When I tell my grandchildren what it was like to cheer for the Devil Rays I might focus only on the good players to keep the conversation brief. Perhaps I will only talk about our first basemen. Beginning with Fred McGriff and his helicopter follow through and how he was the first real Ray inducted into the hall of fame, good lord willing. Then I would shift to Tino Martinez and his victory lap as the prodigal son of the bay area. I would skip the Travis Lee era and hit upon the Greg Norton era, well, a small part of it at least, and in a matter of fact manner I would feel as if I were rehashing the tale of Wally Pipp and Lou Gehrig so many years before.

Okay so Carlos Pena is not quite the Iron Horse, nobody else is, yet he is easily one of the most enjoyable players in baseball today. I am not sure if it was always that way in Detroit, but since Pena arrived in St. Petersburg he has certainly became incredibly fun to watch. The folklore around Pena begins the day the team releases him. More specifically his meeting with Maddon when the manager had to inform the player he did not have room on the roster for him.

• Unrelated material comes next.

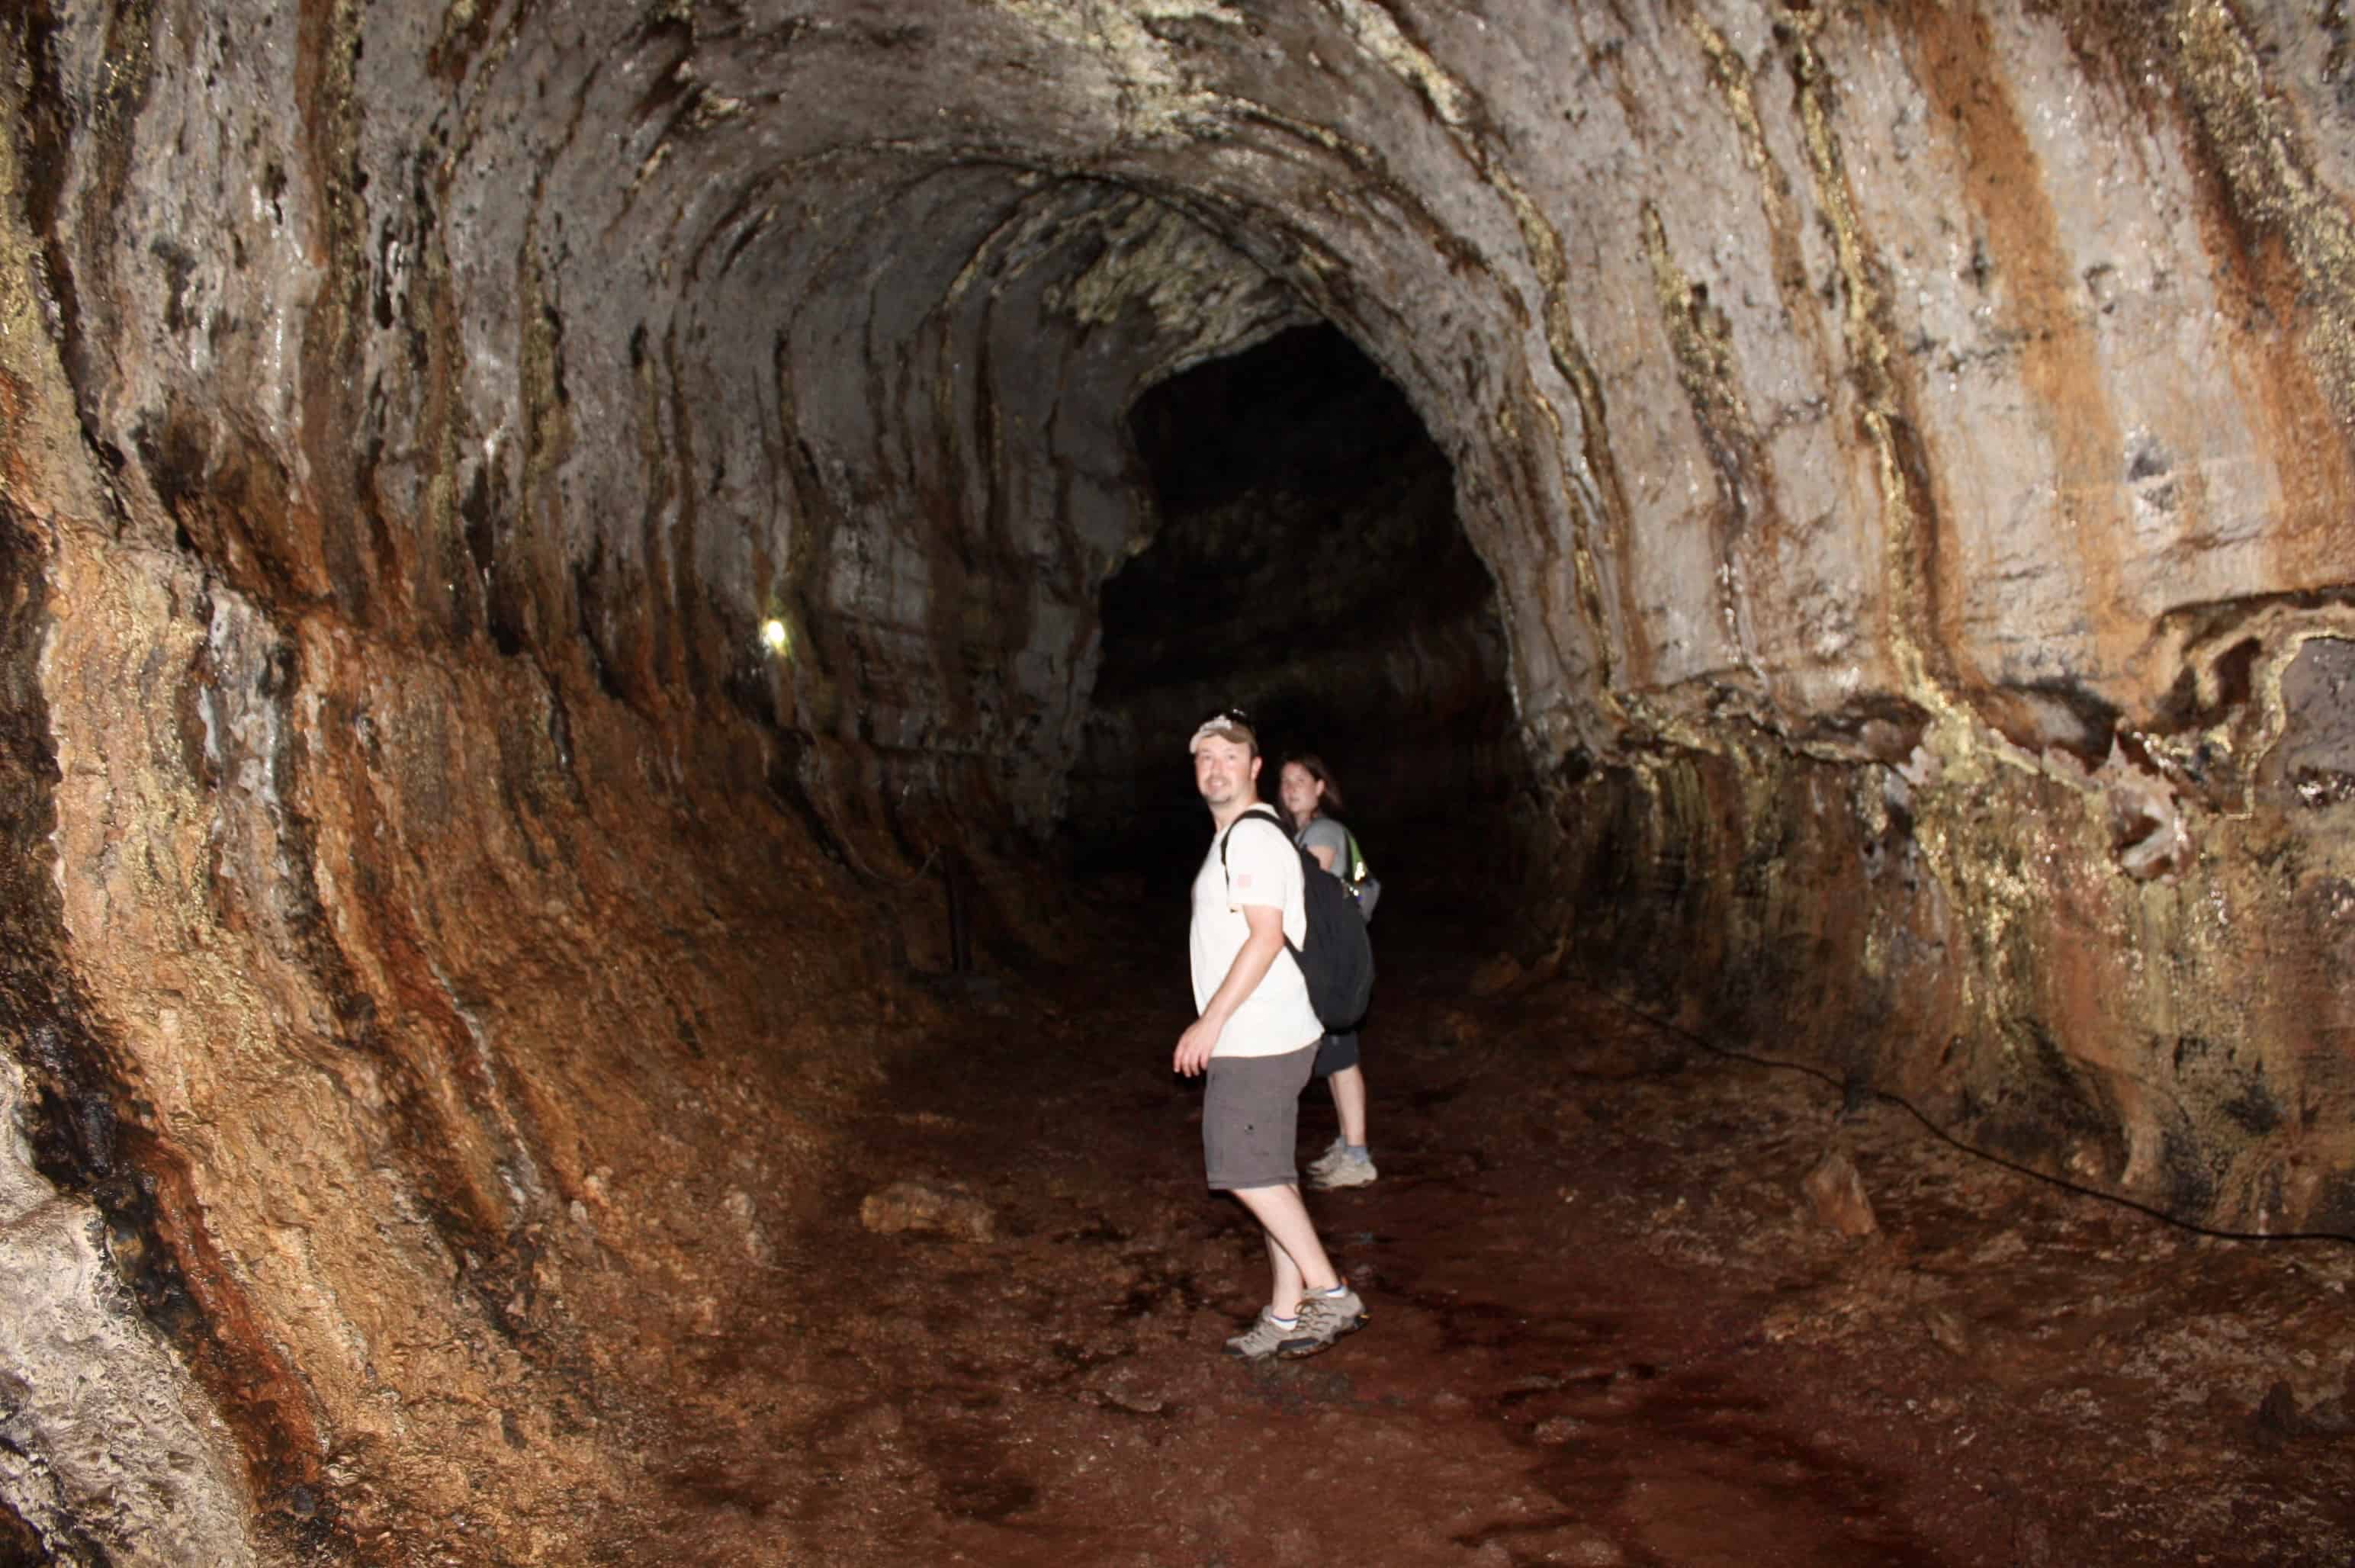 Lava tunnel, Santa Cruz, Galapagos

Pena told Maddon he was lying and that he would see him in New York. I cannot think of too many players who would get away by essentially calling the manager a liar but even more so I cannot think of too many people who would be told they were fired then look to their former boss and say "I'll see you in the office Monday." It was in those same released articles that Pena shared his vision of being the opening day first baseman for the Rays and hitting 40 homeruns. At this point even I started wondering if Pena was on drugs, although marijuana is not a drug it is a plant, if Pena so happened to stand next to it while it was on fire he would however get high. Drugs are made in labs and have recipes. Add water, add baking soda, I do not know the formula I am just saying.

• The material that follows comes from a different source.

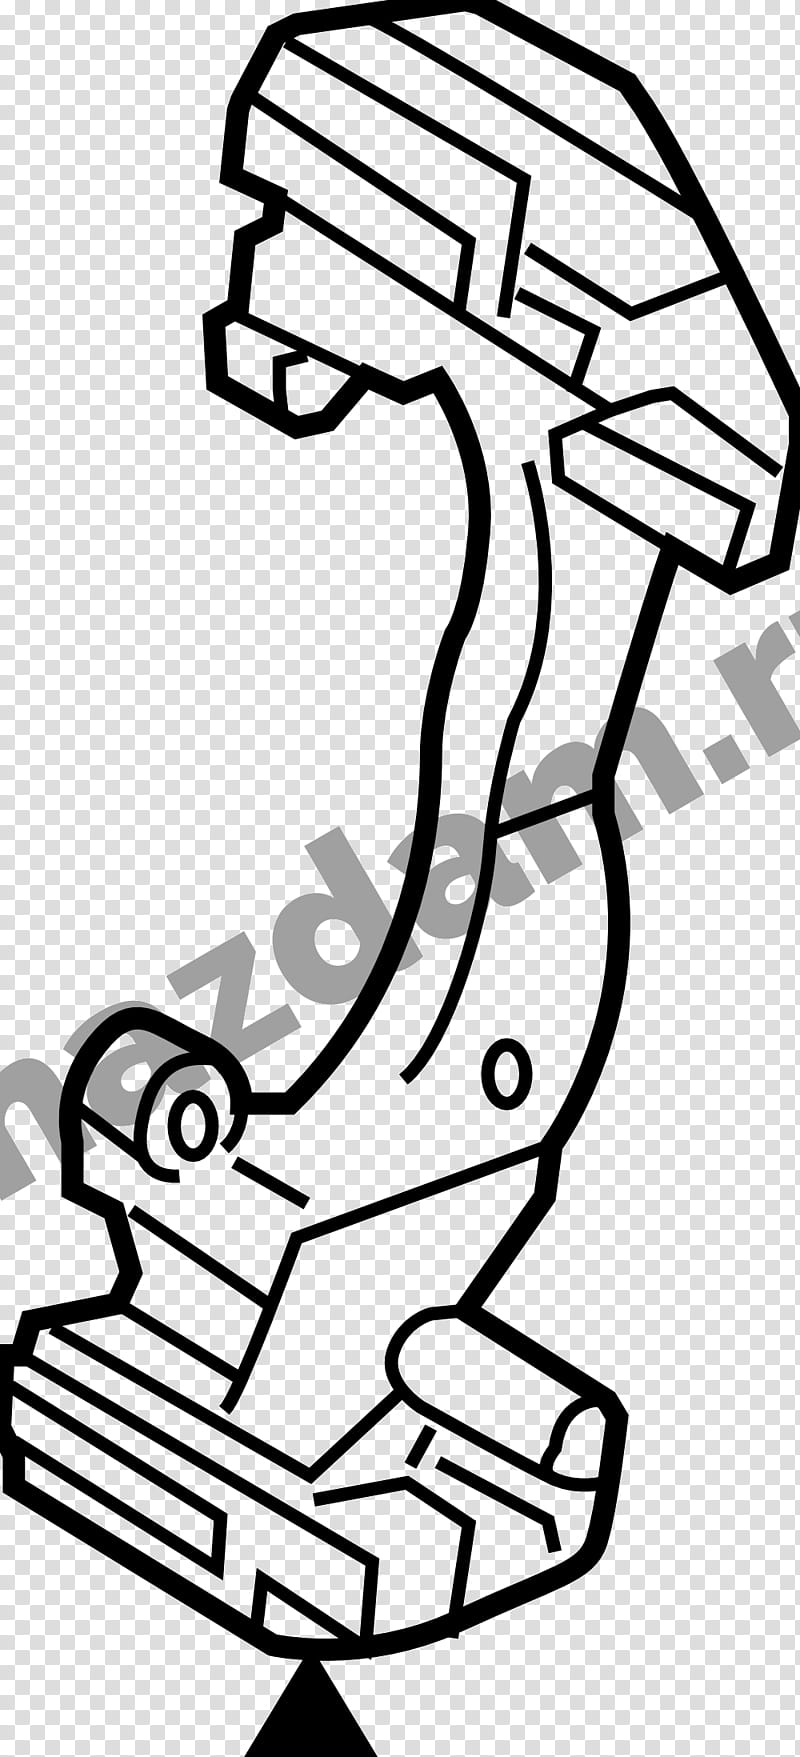 Drawing White, Mazda3, Line Art, Cartoon, Mazda Motor Corporation, Shoe, Disc Brake, Angle, Black, Black And White transparent background PNG clipart

Pena would not start opening day and he would his a half-dozen more than 40, but I'm not getting into the numbers because this is not analytical piece. Throughout 2007 Pena would be one of the few reasons to enjoy the season. He was our David Ortiz and everyone appreciated the amazing run of bombs no matter how unlikely they were to continue. The off-season would come and Pena would be rewarded with an extension, the biggest in Rays history at the time. Everyone cheered.

The most amazing aspect for me is how Pena went from the 41st man to the man in a year. At the stadium press conference at Al Lang do you know who was hitting balls into the bay? It was Carlos. Patrick knows this well because Patrick was almost killed by one that was essentially foul. On the Tobacco Free Florida commercials which we all mock the one guy who you can take sincerely is Pena because he doesn't seem like the type who lies.

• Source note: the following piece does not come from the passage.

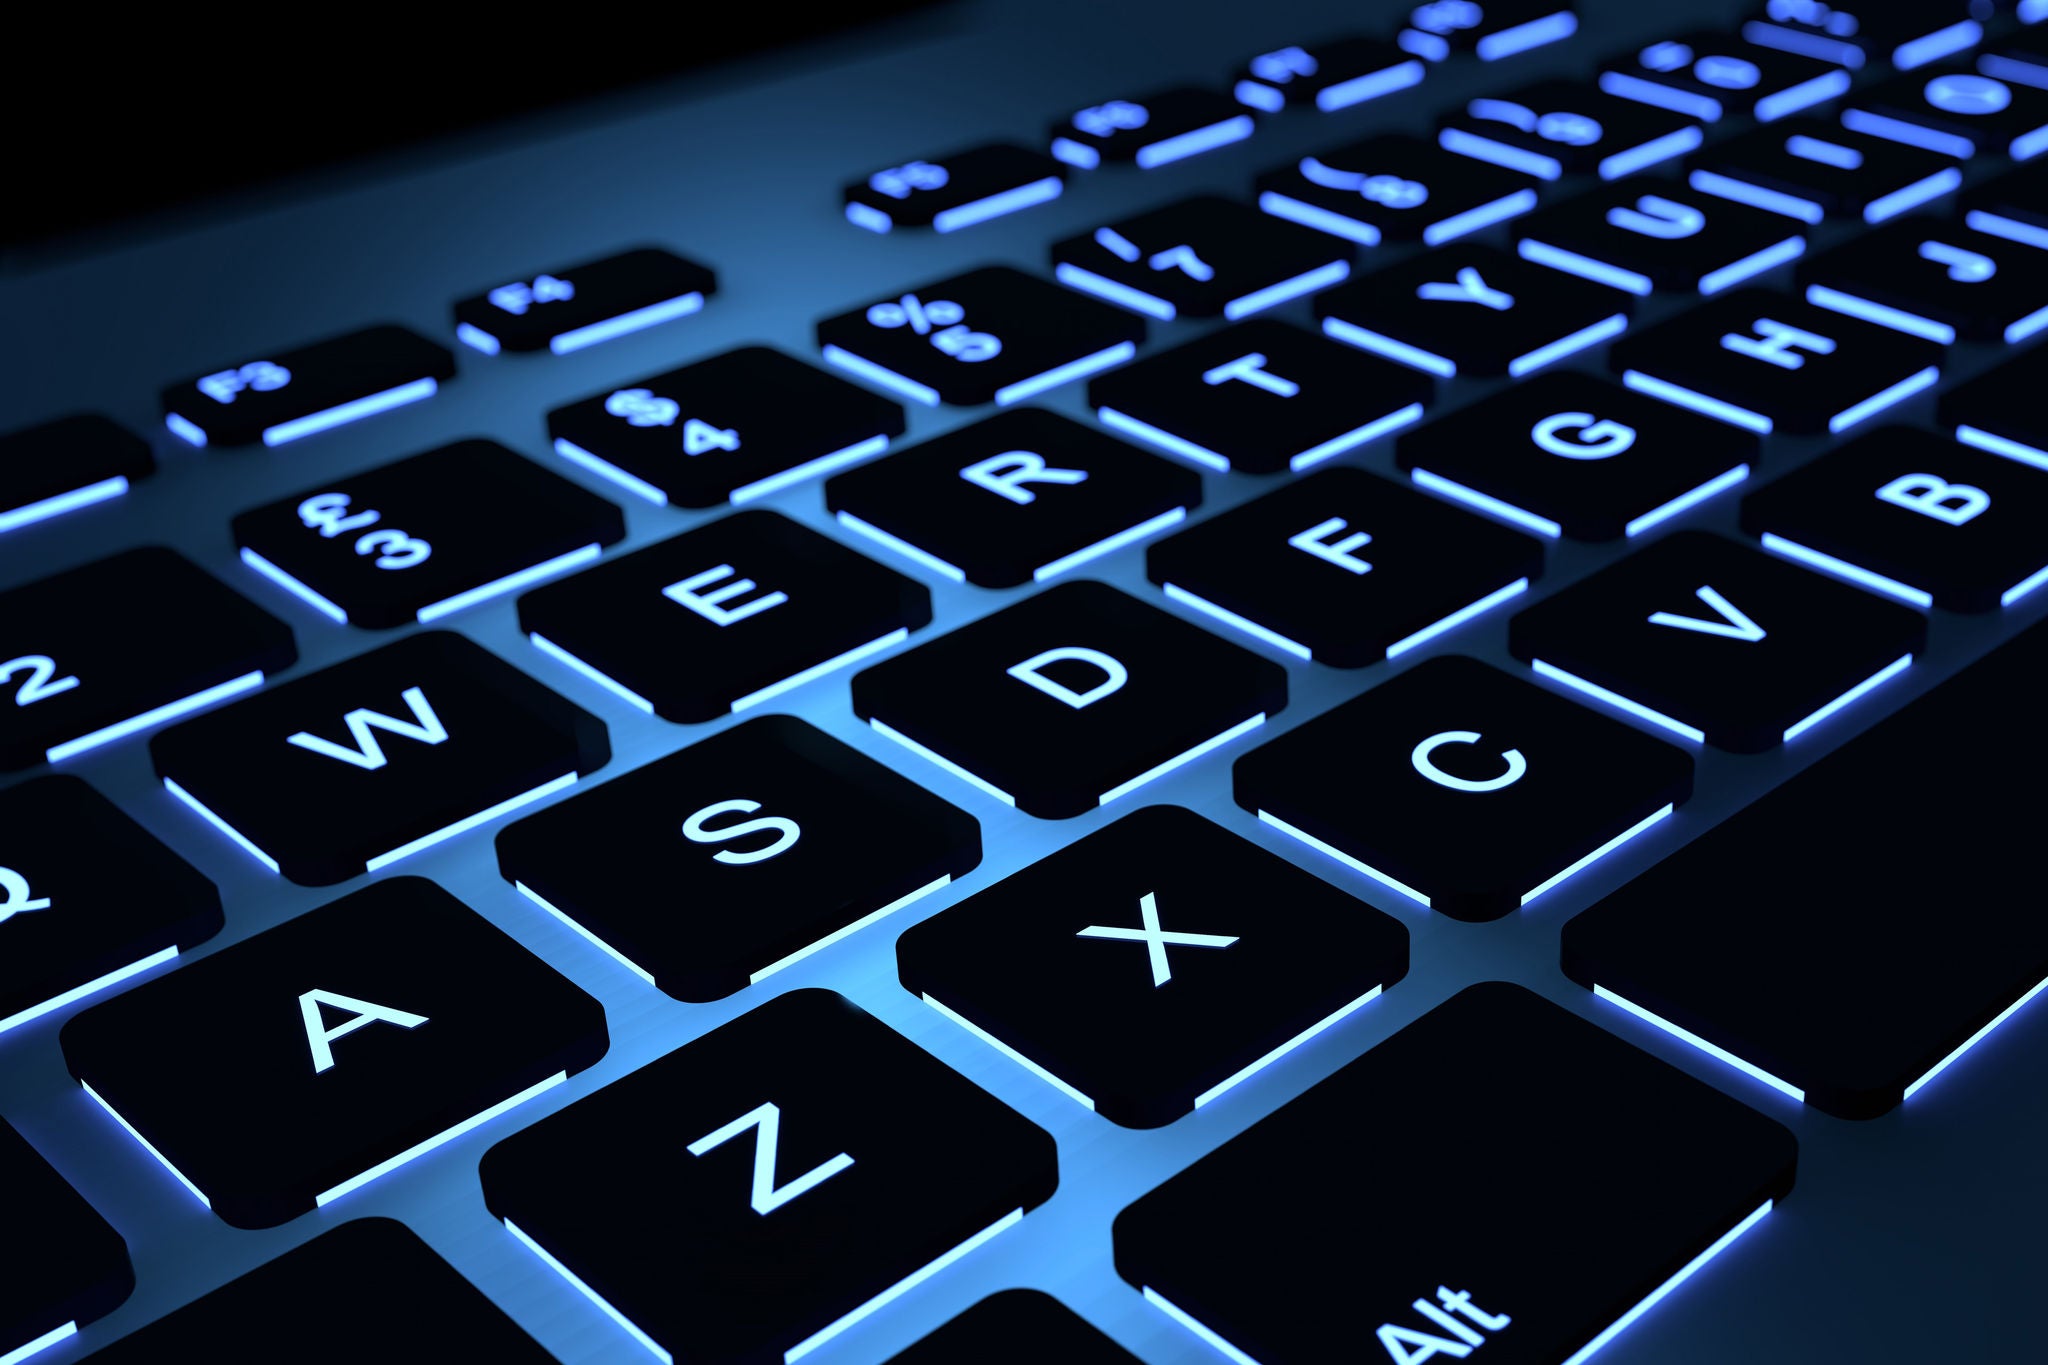 Black and blue backlight keyboard

Is there even a reason to dislike Pena? I guess maybe if you think batting average is the end all you wouldn't particularly like him, or if you are a Boston Red Sox fan, but you don't count anyways. There's just something special about him. Even when he hits a homerun he runs the bases with his hand on his helmet for whatever reason. How many times has Pena sounded the foghorn and the Feel the Heat song? How many fewer white splotches would the restaurant's center field wall have if Pena played elsewhere?

I am sure you are beginning to wonder what is the point of this and that is a good question, and it is one I do not have an answer to. I simply wanted to write about Carlos Pena and enjoy the moment.